The Indigenous Catholic Research Fellowship is holding its first in-person symposium this December, 2024, in Washington, DC. Co-sponsoring the symposium is the McLean Center for the Study of Culture and Values at the Catholic University of America, and the Black and Indian Mission Office.
The McLean Center's mission is:
Mining the work of the Spirit in each people. Culture is best understood as the cumulative dialogue through history between the initiative of the Spirit and the responses of humankind in its varied environments. The goal of the MCSCV is to promote a creative mining of the resulting cultural traditions and their application to the issues of contemporary life. This is a new mode of philosophizing bringing the deep values to life from, in and through the deep cultural commitments of the many peoples in order that they be lived intensively and pervasively across civilizations.

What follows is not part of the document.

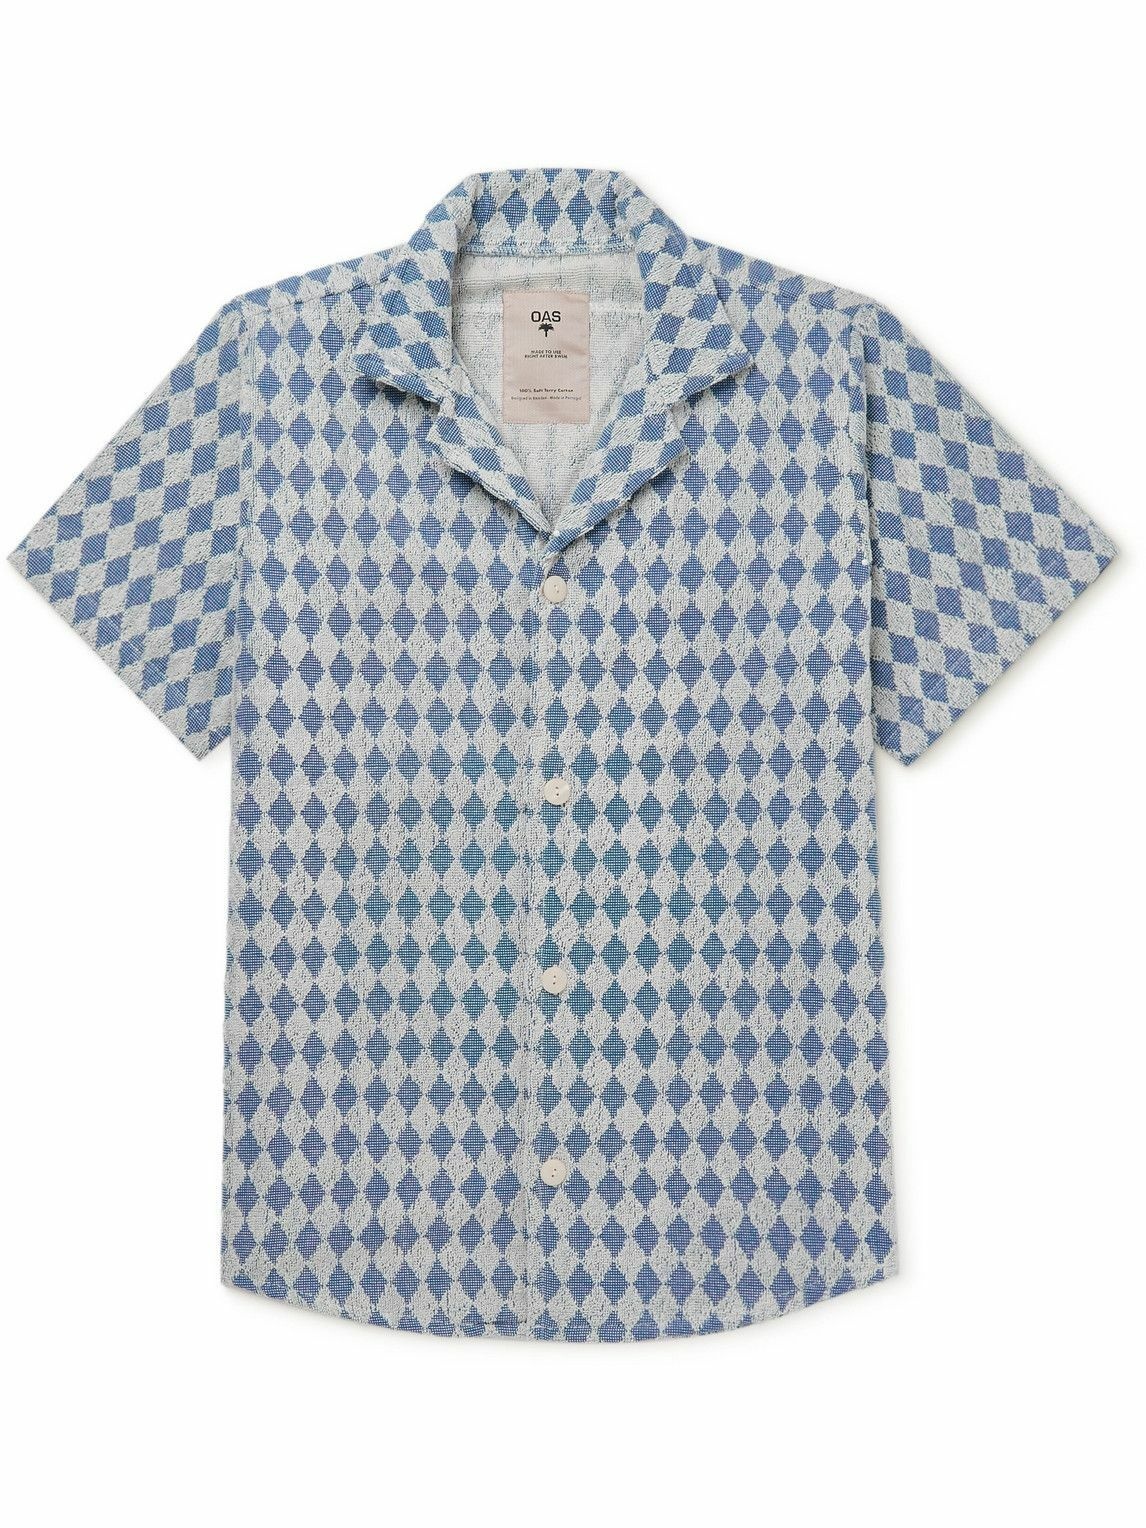 OAS - Cuba Argyle Cotton-Terry Jacquard Shirt - Blue OAS

The Black and Indian Mission Office (whose Executive Director, Fr. Henry Sands, is a co-founding board member of the ICRF) unites three organizations and missions, including that of The Bureau of Catholic Indian Missions, established in 1874 to
advocate for the needs of Catholic Native Americans. Supporting building projects, staffing schools, enabling parish religious education programs, raising awareness of the needs of Native American and Alaska Native Catholics, and calling others to share this mission has been at the heart of the Bureau’s work since its founding.
The ICRF is very happy to have the support of both the Black and Indian Mission Office and the McLean Center for this first symposium, which will include several public events co-sponsored by the Office and the Center along with other partners, as part of the program. More details will be posted on our events page.